I recommend ‘In Parenthesis’ to anyone who hasn’t read it. Despite his awful suffering, Jones achieved his goal- to make a ‘living thing with words that really correspond to something perceived’.


This passage is from the end of Part 2 of ‘In Parenthesis’.


He looked straight at Sergeant Snell
enquiringly—whose eyes changed queerly, who ducked in
under the low entry. John Ball would have followed, but
stood fixed and alone in the little yard—his senses highly
alert, his body incapable of movement or response. The
exact disposition of small things—the precise shapes of
trees, the tilt of a bucket, the movement of a straw, the
disappearing right boot of Sergeant Snell—all minute
noises, separate and distinct, in a stillness charged through
with some approaching violence—registered not by the ear
nor any single faculty—an on-rushing pervasion, saturating
all existence; with exactitude, logarithmic, dial-timed,
millesimal, of calculated velocity, some mean chemist’s
contrivance, a stinking physicist’s destroying toy.

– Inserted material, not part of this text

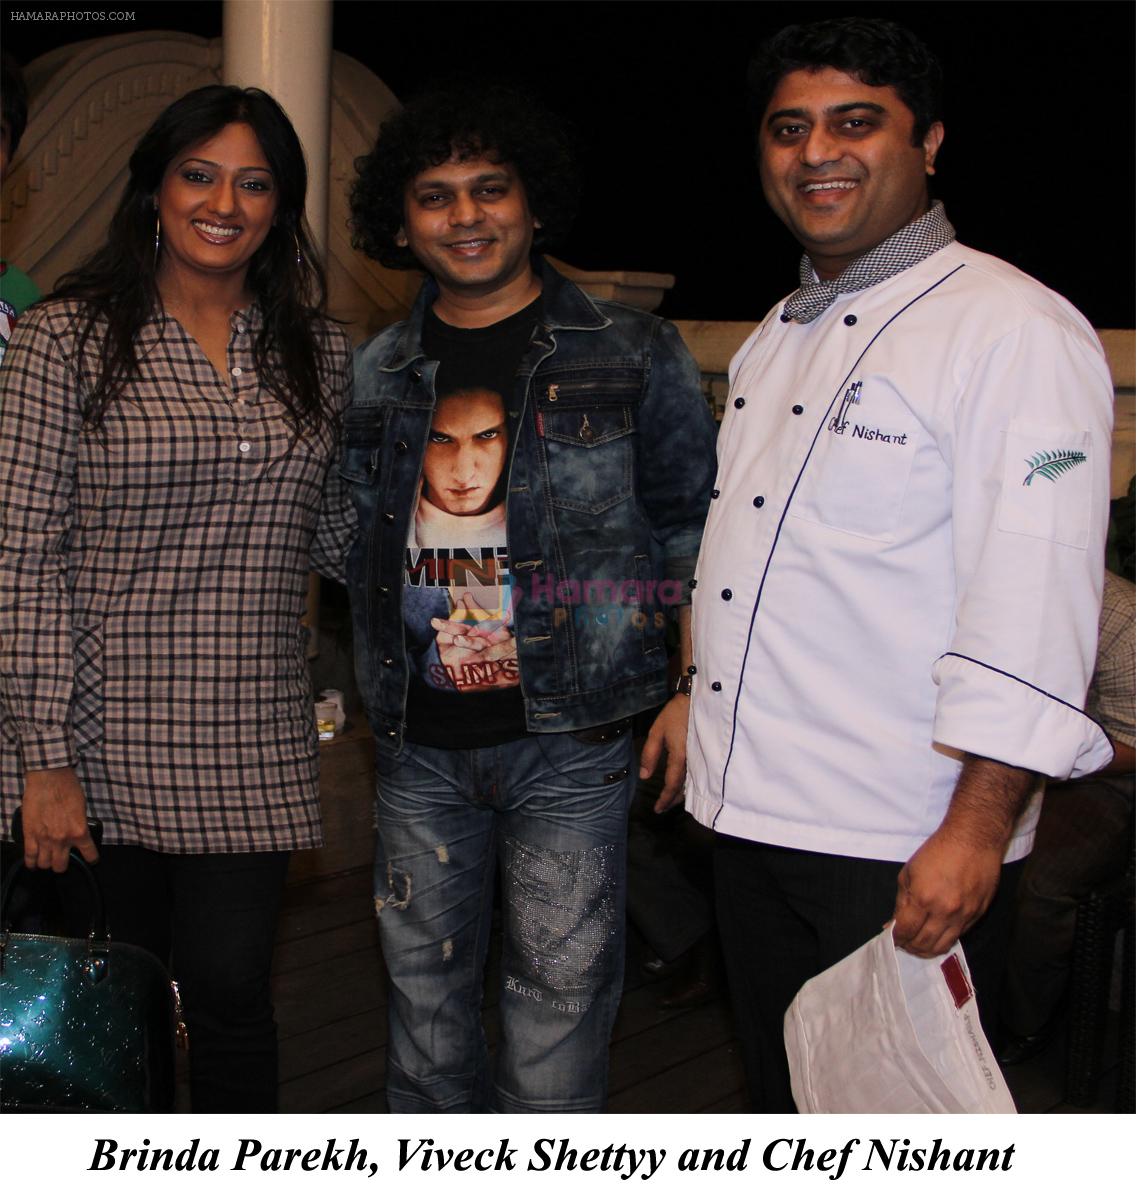 Brinda Parekh, Viveck Shettyy and Chef Nishant at Cake Mixing Celebrations at Hotel Meluha the fern
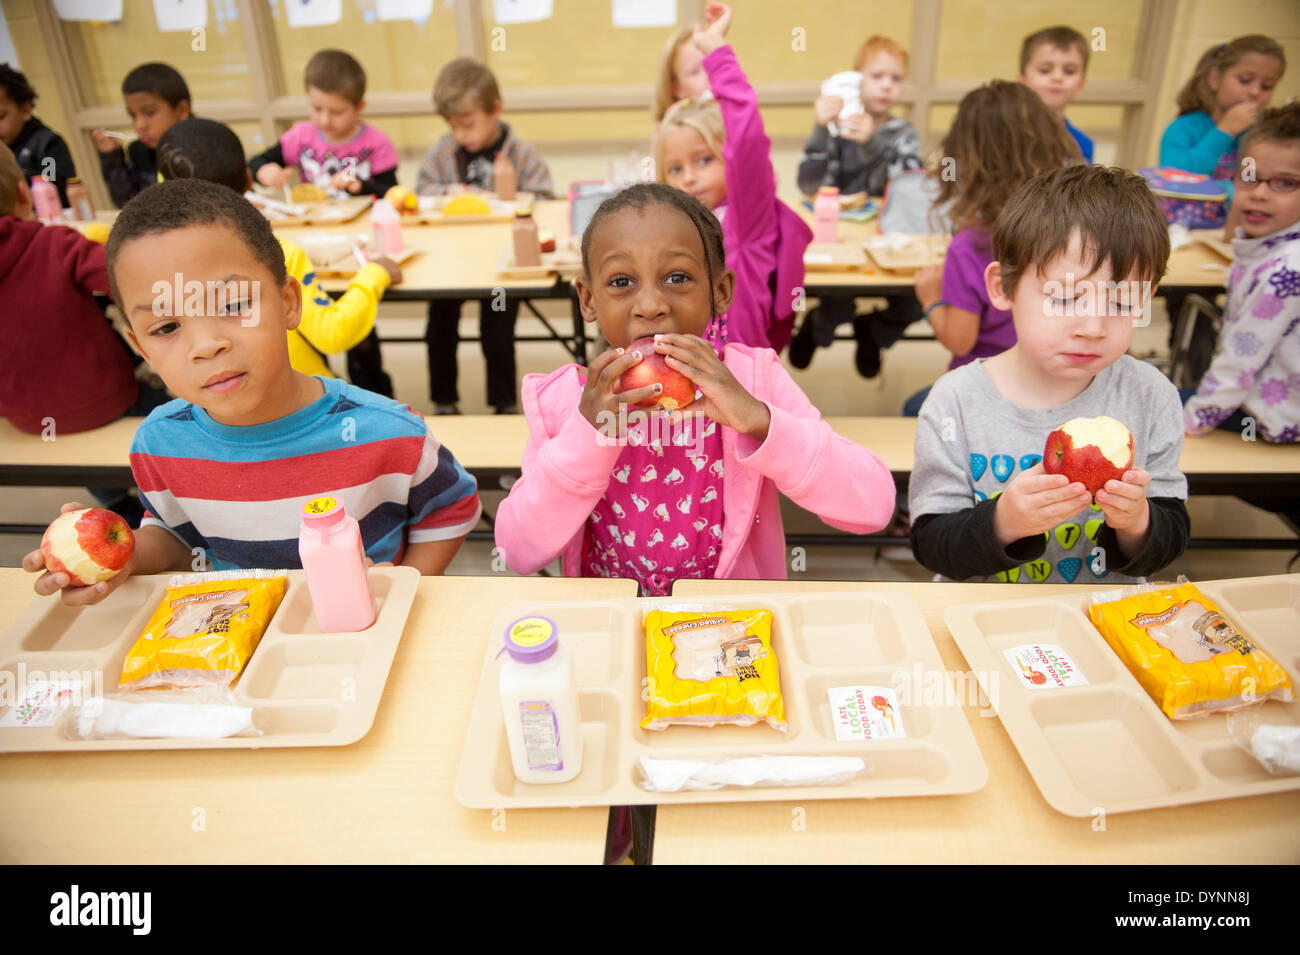 https://c8.alamy.com/comp/DYNN8J/elementary-school-children-sitting-at-tables-eating-apples-in-a-cafeteria-DYNN8J.jpg

He stood alone on the stones, his mess-tin spilled at his
feet. Out of the vortex, rifling the air it came—bright,
brass-shod, Pandoran; with all-filling screaming the howl-
ing crescendo’s up-piling snapt. The universal world,
breath held, one half second, a bludgeoned stillness. Then
the pent violence released a consummation of all burst-
ings out; all sudden up-rendings and rivings-through—all
taking-out of vents—all barrier-breaking—all unmaking.
Pernitric begetting—the dissolving and splitting of solid
things. In which unearthing aftermath, John Ball picked up
his mess-tin and hurried within; ashen, huddled, waited in
the dismal straw. Behind ‘E’ Battery, fifty yards down the
road, a great many mangolds, uprooted, pulped, congealed
with chemical earth, spattered and made slippery the rigid
boards leading to the emplacement. The sap of vegetables
slobbered the spotless breech-block of No. 3 gun.